Rental Markets Are Cooling, but Rents Still Far Exceed Pre-Pandemic Levels
Rent growth has moderated recently from historically high pandemic-era levels, according to our newest report, The State of the Nation’s Housing 2024, as overheated markets cooled and new construction drove up vacancies. At the most recent reading in the second quarter of 2024, national rents increased annually for the third consecutive quarter by a modest 0.2 percent, a sharp turnaround from the 15.3 percent recorded in early 2022 (Figure 1). Despite this cooling, rents have increased significantly since before the pandemic, landing fully 20.9 percent above those from five years ago.
Figure 1: Rents Remain Elevated Despite Recent Moderation
This national trend has played out differently across the country, due to differences in demand and supply factors. For example, rents have continued to grow most in the Northeast and Midwest by 2.4 and 2.7 percent respectively, down from 12.0 and 10.6 percent in 2022 (Figure 2). Markets in the West have also softened significantly in recent months, with rents remaining unchanged on average on an annual basis (down from 15.1 percent growth two years prior). And while rent growth has moderated in much of the country, rents have outright declined in some places. In the South, rents declined annually by 1.4 percent in the second quarter of 2024, a significant change from the 16.6 percent growth recorded two years before.
Figure 2: Rent Growth has Slowed Markedly in South and West
Following this regional trend, rents increased most significantly in Midwest and Northeast markets, with Kansas City, Milwaukee, Cleveland, Cincinnati, and Columbus recording increases between 2.7 and 3.4 percent. In the Northeast, rents increased at comparable rates, growing the most in Newark (2.6 percent), Pittsburgh (2.3 percent), and Boston (2.2 percent). Meanwhile, rents continued to grow as rapidly in only a handful of Southern and Western markets. Rents rose by 2 percent or more in Washington D.C. (3.2 percent), Greensboro (2.6 percent), Virginia Beach (2.6 percent), and Anaheim 2.0 percent).
On the other hand, rents declined only in Southern and Western markets. Rents were down year-over-year in 15 of 21 Southern markets and eight of 14 Western markets, led by Austin (down 7.4 percent), Jacksonville (5.2 percent), and Atlanta (4.6 percent). These markets have experienced continual cooling following exorbitant annual rent growth during the pandemic in part due to robust new supply. In the West, rents decreased most in Phoenix (down 3.4 percent), Salt Lake City (2.8 percent), and Oakland (1.1 percent).
Despite recent moderation, pandemic-era rent increases mean rents are now well above pre-pandemic levels, especially in the South. Even with recent declines, rents have increased most in the Southern region by 22.9 percent. But with continued rent growth over the past year, the Midwest and Northeast are catching up, with rents rising 22.1 percent and 21.4 percent respectively since 2019. In the West, rents have increased by 18.5 percent since before the pandemic.
Rents have exploded most in the Sunbelt in recent years, often despite declines.
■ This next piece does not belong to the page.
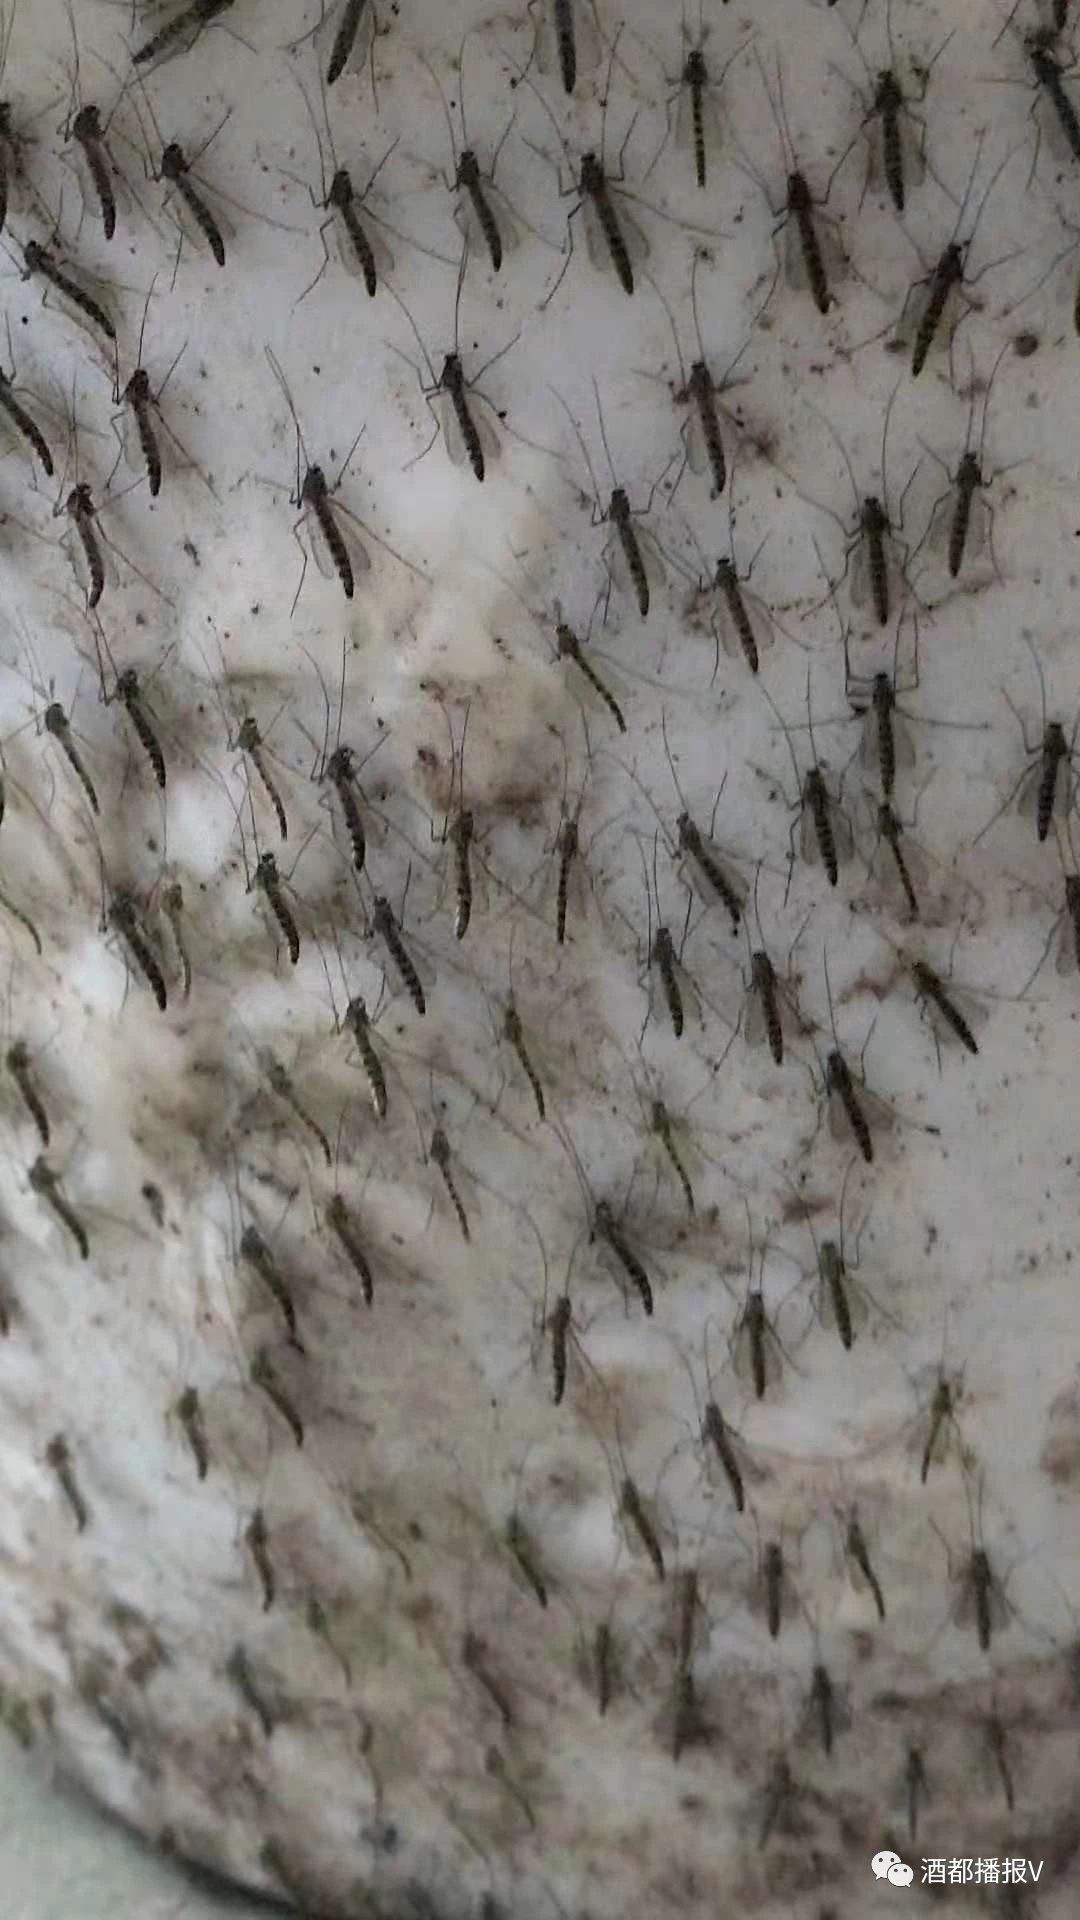 宜宾一条河边发现大量蚊子,密密麻麻的铺在墙上,太恶心了!

In West Palm Beach, for example, rents have increased by 38.6 percent compared to other large markets, since 2019, yet at the most recent reading posted annual declines. Other previously hot markets with the highest rent growth since before the pandemic include Fort Lauderdale (35.7 percent), Greensboro (34.9 percent), Tampa (34.4 percent), and Riverside (33.0 percent) (Figure 3). In some markets, recent rent declines have brought longer-term rent growth close to national averages. In Austin, for instance, the nation-leading annual rent decreases mean that rents have increased just 16.2 percent since 2019.
Figure 3: Rents Are Far Above Pre-Pandemic Levels, Especially in Sunbelt Markets
On the other hand, rents increased by less than ten percent in Minneapolis (9.3 percent), San Jose (4.7 percent), and Oakland (3.8 percent) and rents declined since before the pandemic in San Francisco (down 6.1 percent). Rental demand in the Bay Area was hit particularly hard by pandemic-era outmigration, while robust new supply in Minneapolis has helped keep rent growth in check.
Even with recent cooling, historically high pandemic-era rent hikes have created dire affordability issues for some renters as incomes have failed to keep pace. Rents remain far above pre-pandemic levels across markets, and the relief from new construction that contained rent growth is likely to be short-lived due to recent declines in multifamily starts. In the future, these affordability issues will need to be addressed through increased rental subsidies, preserving the existing rental stock, and subsidizing construction targeted toward moderate- and lower-income households.